Measuring imperial capital
To empirically study the legacy of empires, we collect novel historical data from a wide array of sources on the territories controlled by 168 empires, from the Achaemenid Empire to the Yuan and Zand Dynasties. Our dataset covering 5,000 years of imperial history, as well as the list of sources, is publicly available at http://www.wnvermeulen.com/empires.

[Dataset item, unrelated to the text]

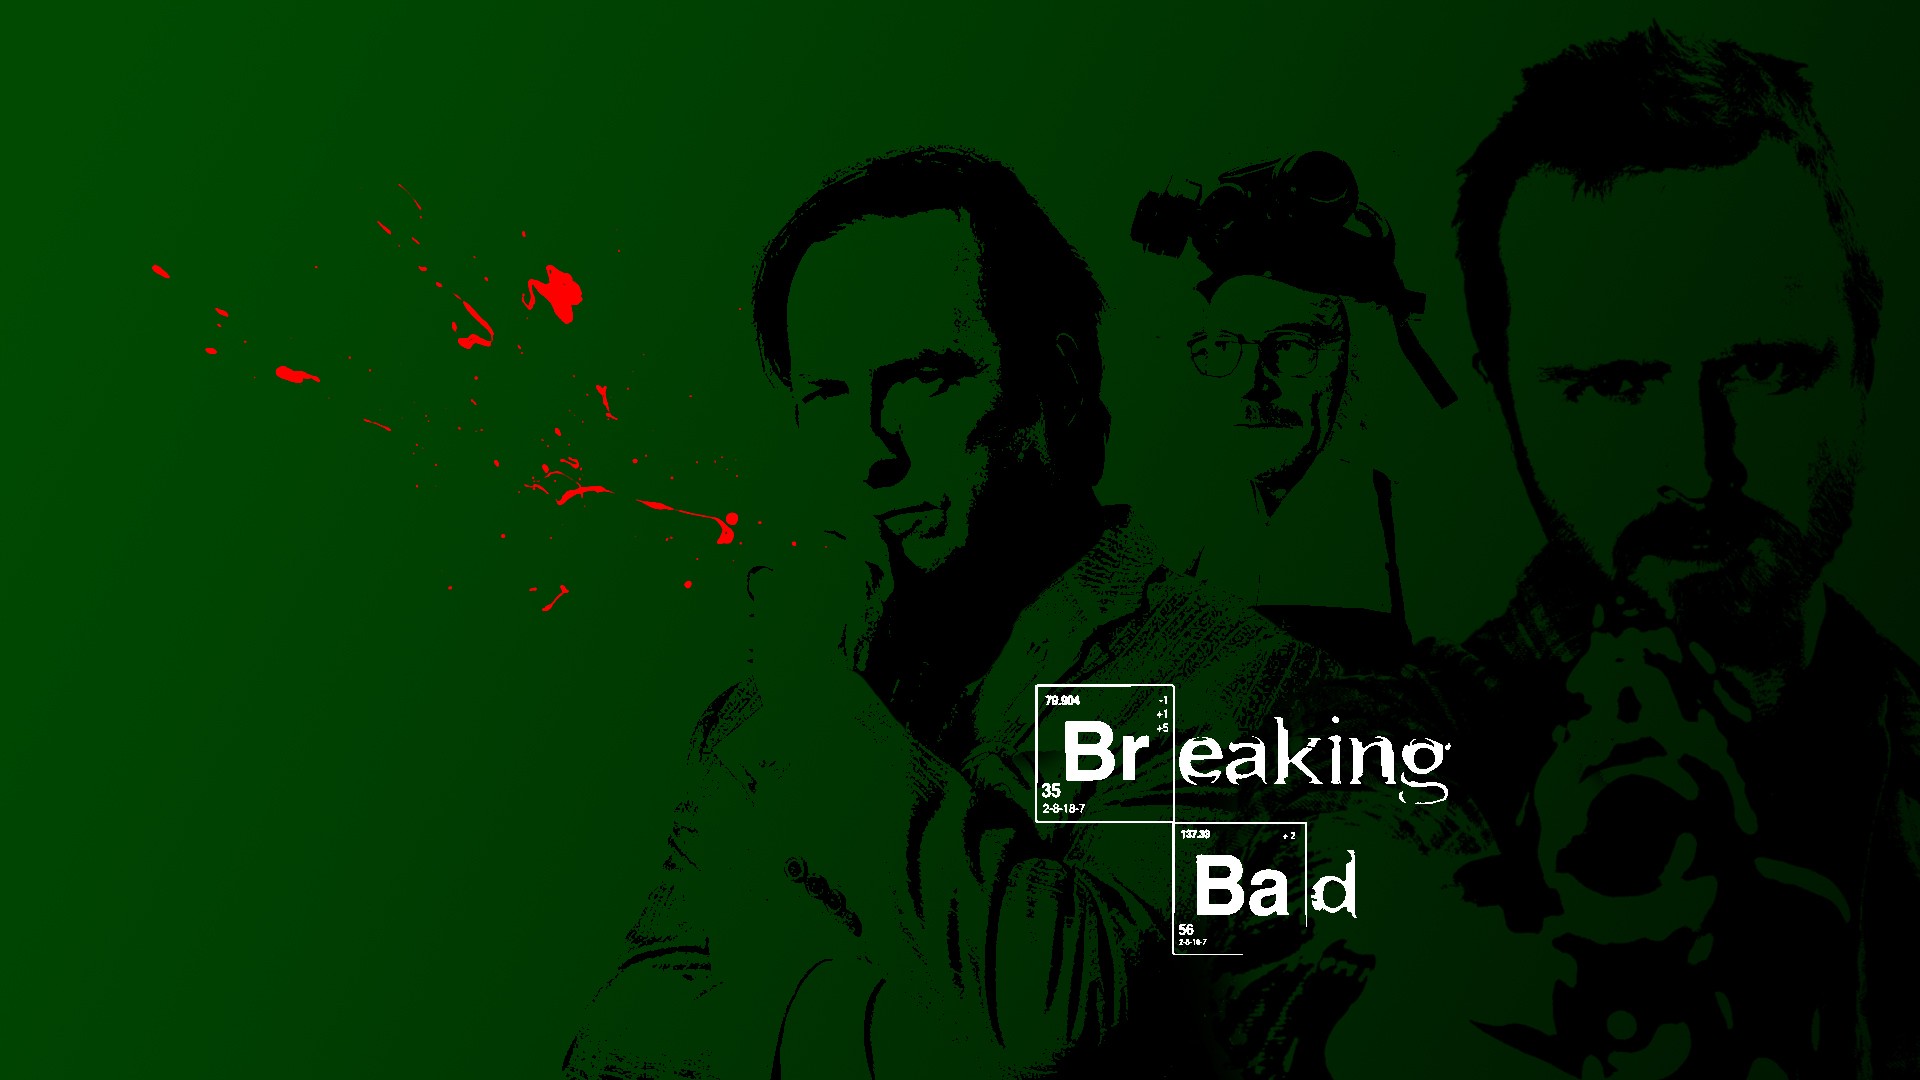 Breaking Bad Heisenberg Saul Goodman Jesse Pinkman Walter White Green Background 1920x1080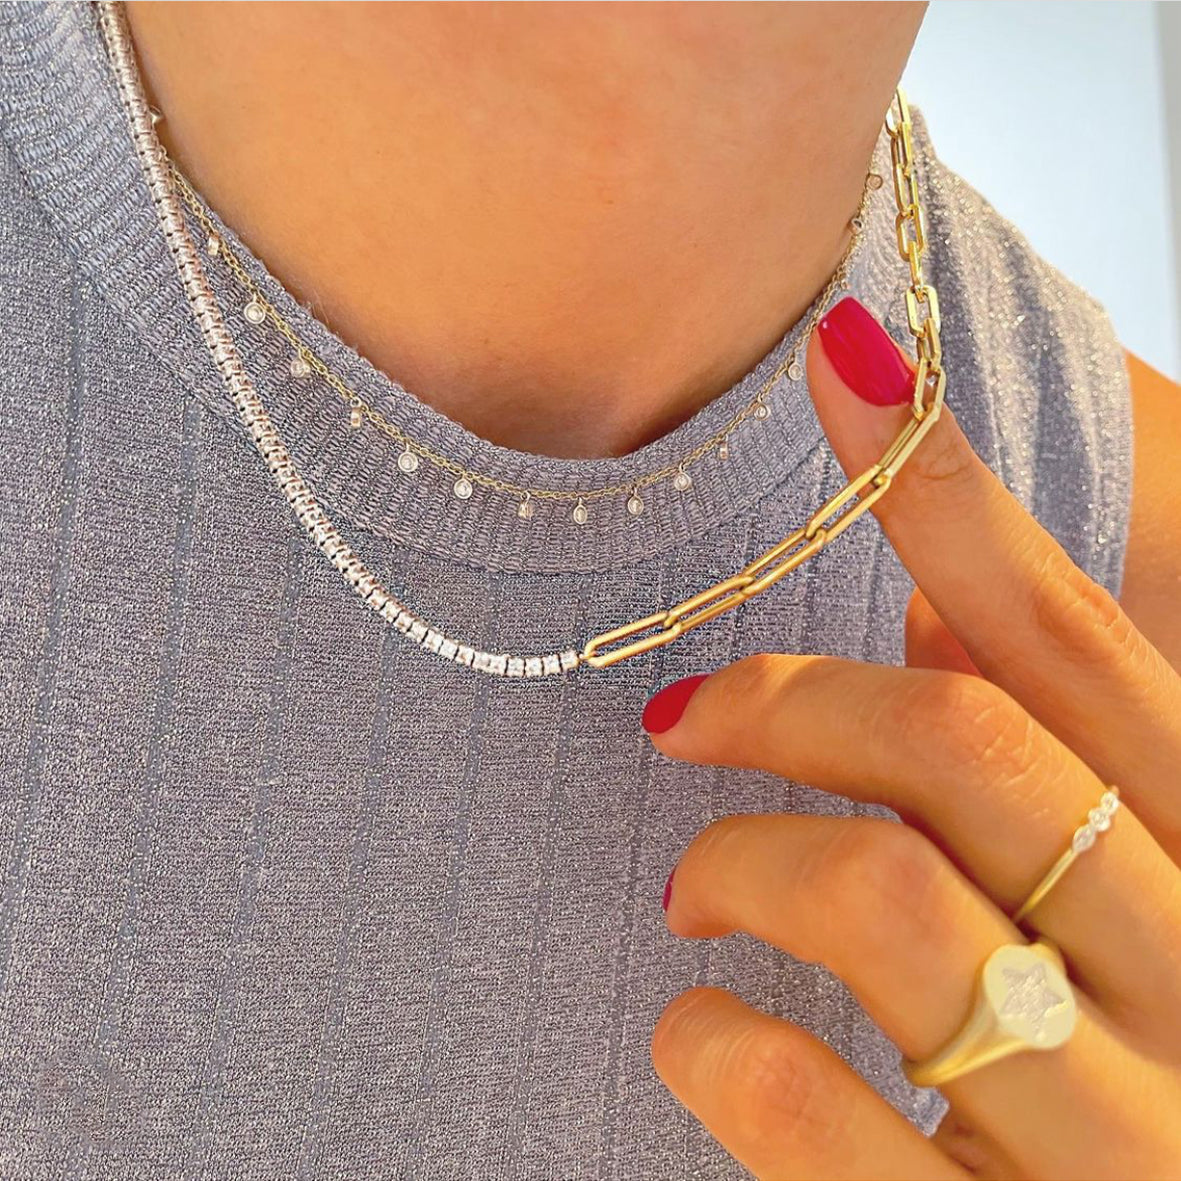 18K White Gold Diamond Half Tennis Necklace - Nazar's & Co. Jewelers

We create an imperial capital measure at the country-pair level. Assuming that imperial capital grows between two countries when they are both controlled by the same empire but also depreciates with time, our measure takes into account all imperial history by considering years in and years since all common empires. Our measure can be thought of as a historically grounded indicator on cross-state institutional development, and complements the state-history index of Bockstette et al. (2002) and Borcan et al. (2018). We also build a measure of deep imperial capital which depends on three characteristics of empires: a centralised administration, a centralised religion, and a monopoly on coin minting. We also look specifically at Metropole imperial capital, which only accumulates between countries when one of the two is the administrative centre of the empire.
Figure 1 illustrates the evolution of these different measures of imperial capital between Egypt and Iraq. The two countries have been part of many joint empires over the last 3,000 years, including the Neo Babylonian Empire, the Umayyad Caliphate, and the Ottoman Empire. The red solid line illustrates our baseline measure of imperial capital. It shows how imperial capital increases in times of common empire, but also depreciates over time. The bars show the periods of common empire, and their height captures the number of deep empire characteristics. Since the metropole of the Ottoman empire, present-day Turkey, was neither in Egypt nor in Iraq, Metropole imperial capital does not increase during that empire. The slow erosion of imperial capital shows how it can persist over time and still influence trade today.
Figure 1 Imperial capital between Egypt and Iraq
Notes: Example of imperial capital for two countries, Egypt and Iraq. Imperial capital grows by one unit for each year that the two current day countries are, at least partially, covered by a common empire. Capital depreciates continuously by 0.1% per year, which is roughly 5% per 50 years. The deep imperial capital line differentiates capital accumulation using three empire characteristics: a centralised administration, a centralised religion, and a monopoly on coin minting. Each characteristic gives an imperial capital amount of 0.33 per year, with the maximum of 1 for all three characteristics. The Metropole line takes into account only the years when one of the two countries is considered the metropole, or the administrative centre, of the empire.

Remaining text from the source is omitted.